Alexander gives the example of African mud huts in the French Cameroon.
"Whether by coincidence or not, the hemispherical shape of the hut provides the most efficient surface for minimum heat transfer, and keeps the inside reasonably well protected from the heat of the equatorial sun. Its shape is maintained by a series of vertical reinforcing ribs. Besides helping to support the main fabric, these ribs also act as guides for rainwater, and are at the same time used by the builder of the hut as footholds which give him access to the upper part of the outside during its construction. Instead of using disposable scaffolding (wood is very scarce), he builds the scaffolding in as part of the structure. What is more, months later this 'scaffolding' is still there when the owner needs to climb up on it to repair the hut." (pp. 30&endash;31)
Design methods changed with the changing requirements of industrialising nations. The traditional evolution of forms was no longer fast enough to keep up with the constant demand for new products in rapidly expanding economies. The design process was removed from the site of manufacture to the drawing board, where scale drawings were made. The designer now had a few hours on a drawing board to achieve what had once taken centuries of adaptation. The scale drawing became the medium for experiment and change. This process removed intellectual activity from manufacture and gave it to a new class of people who made drawings&emdash;that is, the engineer or the architect or the industrial designer.
Economic considerations in engineering design
It was not just the move to the drawing board that transformed engineering design. Engineers were increasingly expected to incorporate economic considerations into their designs and streamline their use of materials. To do this they needed to be able to predict fairly accurately how their products and structures would perform. They made use of models, particularly mathematical models, for this purpose. The models approximated the product in a way that enabled the engineer to calculate what sorts of forces and stresses it might be subject to when in use, and how it would behave in response to them.
Engineering design became more scientific, in part to keep manufacturing and construction costs to a minimum. Engineers try to reduce the cost of their structures and products by reducing their weight and using materials more efficiently. Mike Cooley (n.d., p. 80) suggests that this is why engineers must increasingly resort to mathematical solutions:
"These design stages involve rarefied, complex mathematical procedures which are necessary only because, for commercial reasons, materials have to be exploited to the full. Both the materials and the systems of the products are designed just to perform precisely defined functions for a very short length of time before the product is rendered redundant (planned obsolescence)."
The removal of the design process from the site of its construction and use to the drawing board, the laboratory and the computer has a significant drawback: unlike the former craftsmen, designers are relatively weak at judging the compatibility of a designed product with its environment and the context of its use. In The Culture of Technology, Arnold Pacey gives everyday examples of this problem, which he calls 'halfway technology'. He cites big dams feeding leaking pipes, and electricity-generating stations pumping heat into the atmosphere when electricity is mainly used for heating. This is also what Alexander means by forms that do not fit their context.
Current design methods raise economic considerations over environmental ones. In some cases, economic considerations also serve environmental goals. For example, the minimisation of materials used in a structure means resources are saved. However, they may be saved at the expense of the length of the operating life of a product. If this is the case, economic considerations are in conflict with environmental interests&emdash;which would demand that products be made to last, because of the need to minimise resource usage and waste generation in the long term.

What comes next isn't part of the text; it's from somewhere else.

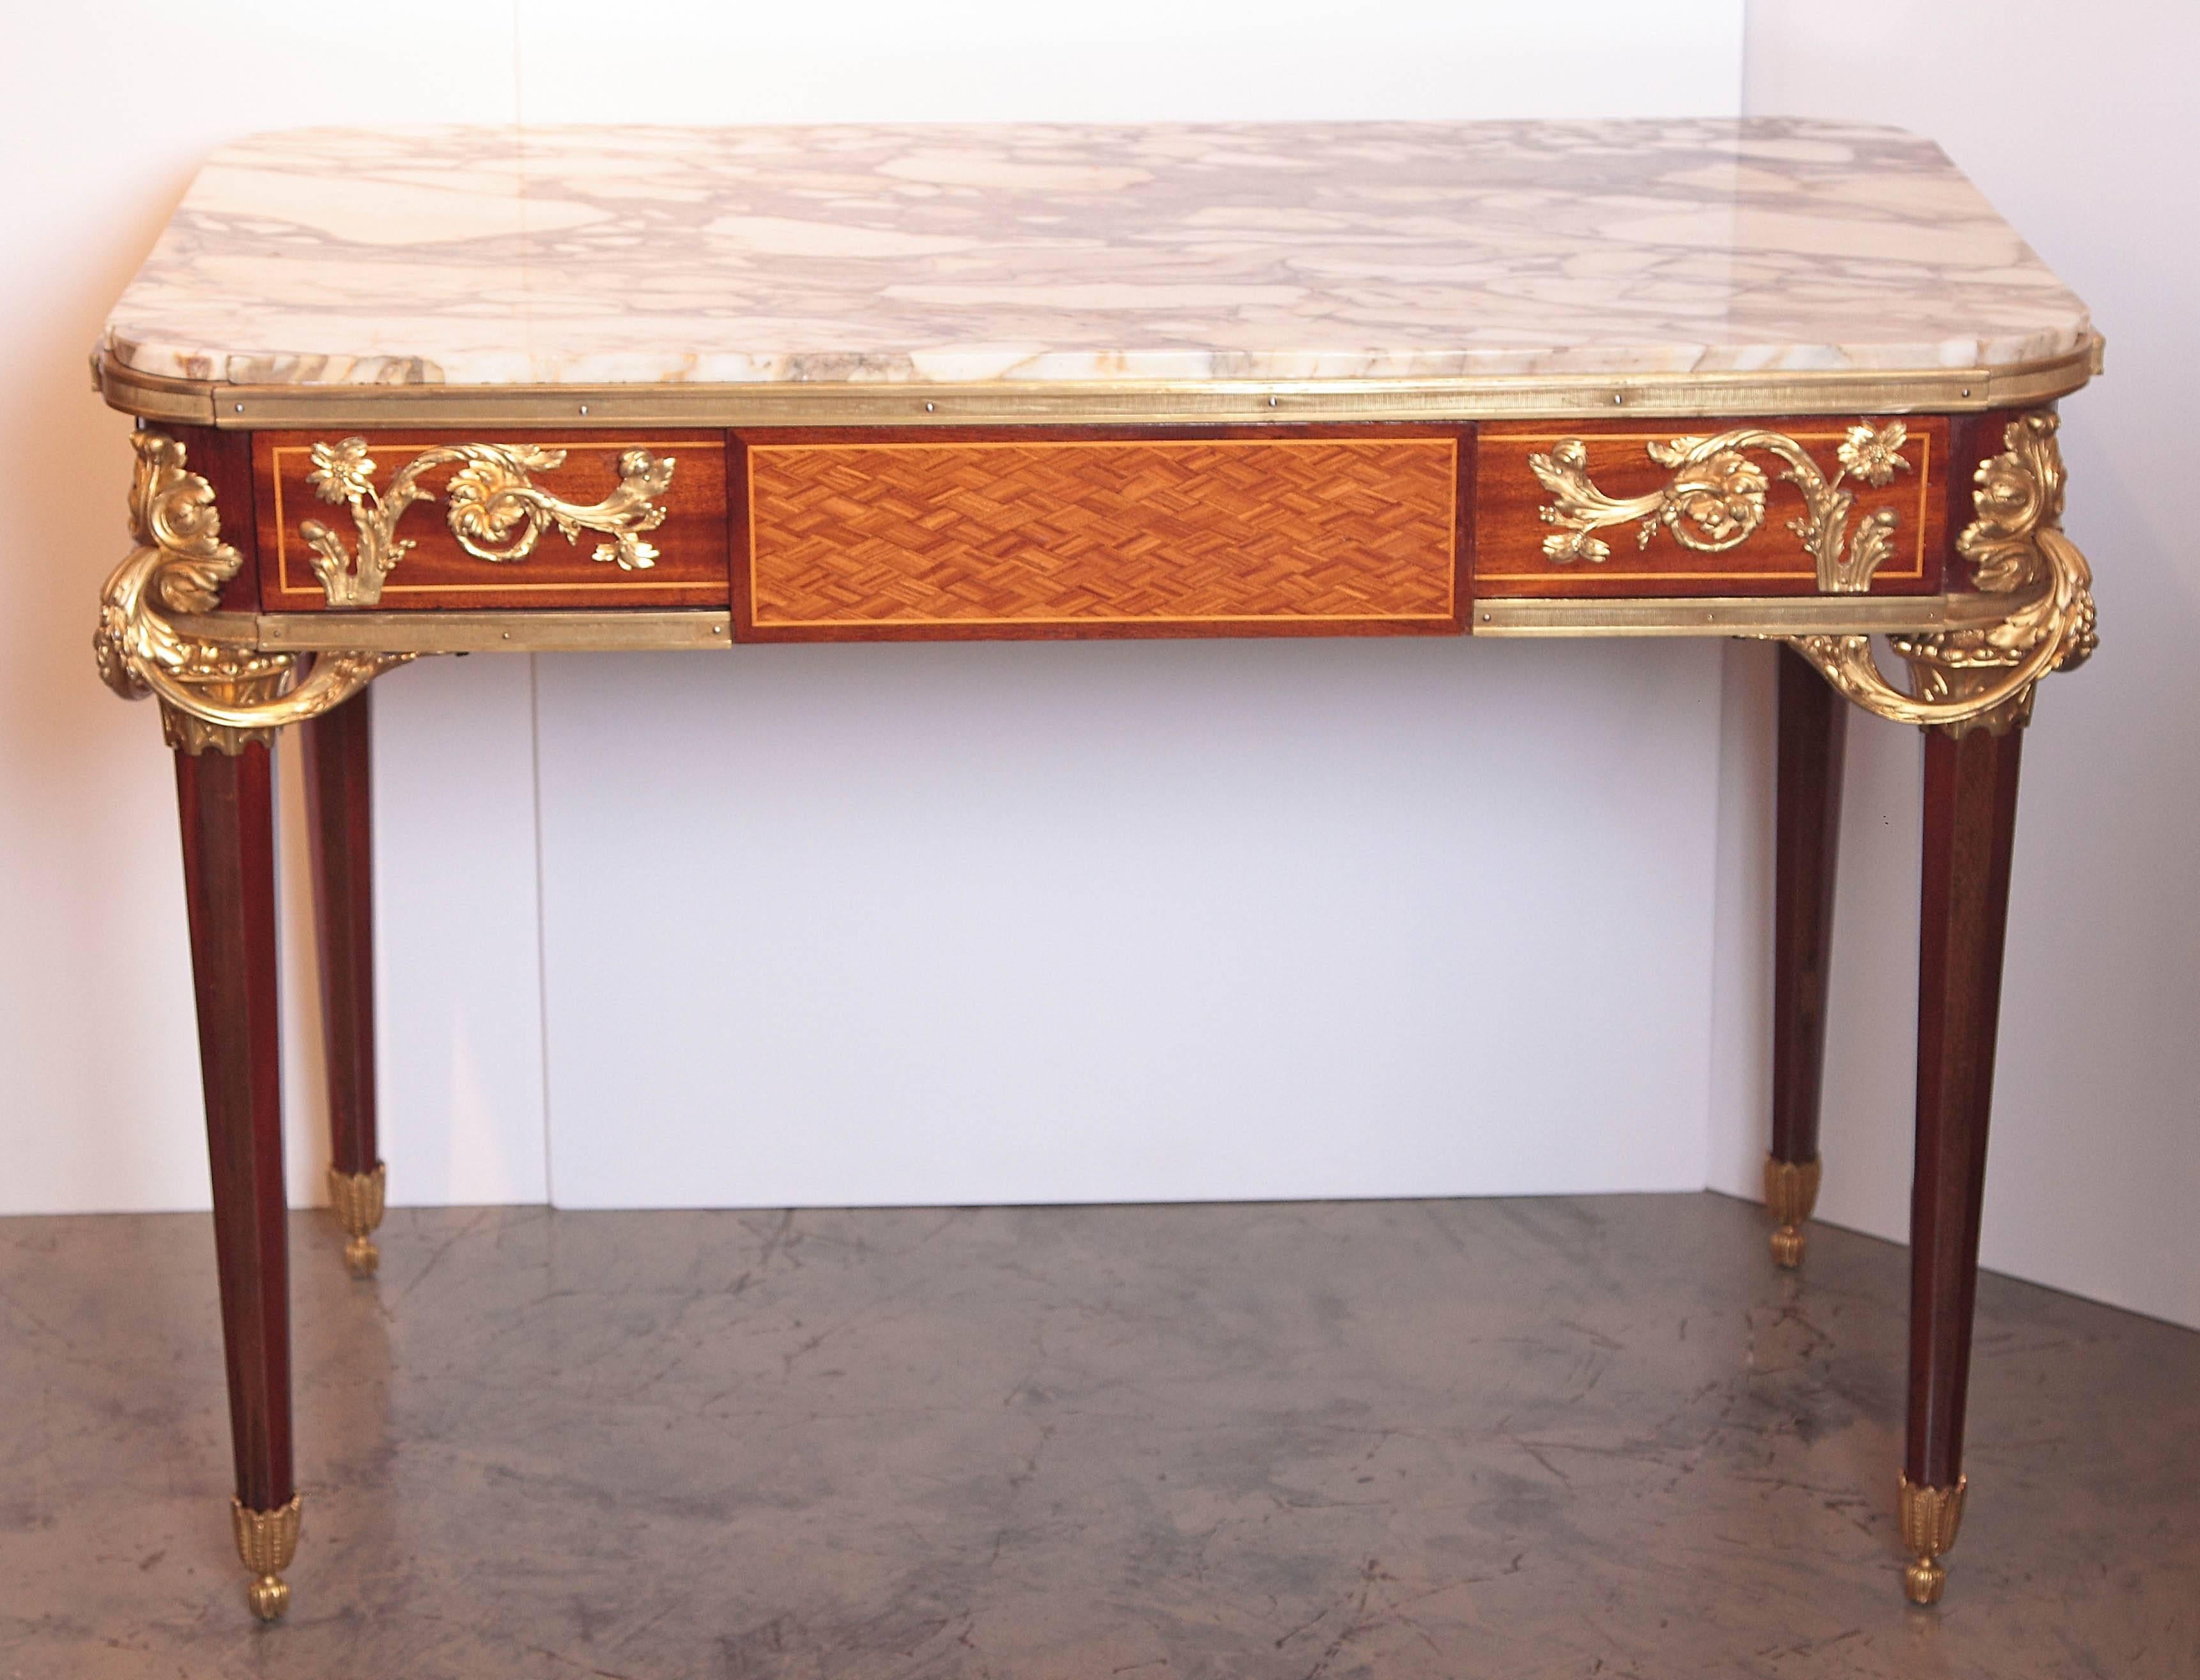 19th century French Louis XVI parquetry and gilt bronze console table with mechanical drawer. Breche Violette marble-top.

Environmental impact statements have been introduced around the world in recent years in an effort to ensure that the environment is considered by those designing significant engineering projects. Yet the environmental considerations that should be considered at the design stage of every product and project&emdash;such as the choice of materials, layout and processes, and the implications that follow from these&emdash;remain neglected. Environmental considerations are marginalised in the design process.
This treatment of environmental impacts would not be tolerated if it were applied to economic impacts. It would be akin to designing each part of a project without concern for how much the project was going to cost, and then at the end doing an economic impact statement to see whether it was going to be too expensive. Not only would this be inefficient and result in a needlessly expensive project, but any attempts at that stage to cut down on costs would interfere with the integrity of the design.
Can design be political?
Some people argue that not only do technologies incorporate economic considerations at the expense of environmental considerations, but they also incorporate political values and are shaped by the social values of those in power.
The traditional view is that innovations arise from fortuitous discoveries, coming about because of the work of independent scientists and engineers. It has been assumed that such discoveries are then applied if they increase industrial productivity, meet market demands and increase profits. Technology itself is seen as neutral, a view espoused by Jacques Ellul, who said that technique pursues no end: 'It evolves in a purely causal way: the combination of preceding elements furnishes the new technical elements' (1964, p. 97).
However, more recent scholars of technological change tend to argue that the invention and engineering design process is not so fortuitous; rather, it is guided and shaped by the goals of the designers and their employers or clients. Therefore, they argue, it is misleading to consider technologies as neutral. Long before any technology is offered for use on the market, a process of selection occurs that is guided by social and political, as well as economic, considerations.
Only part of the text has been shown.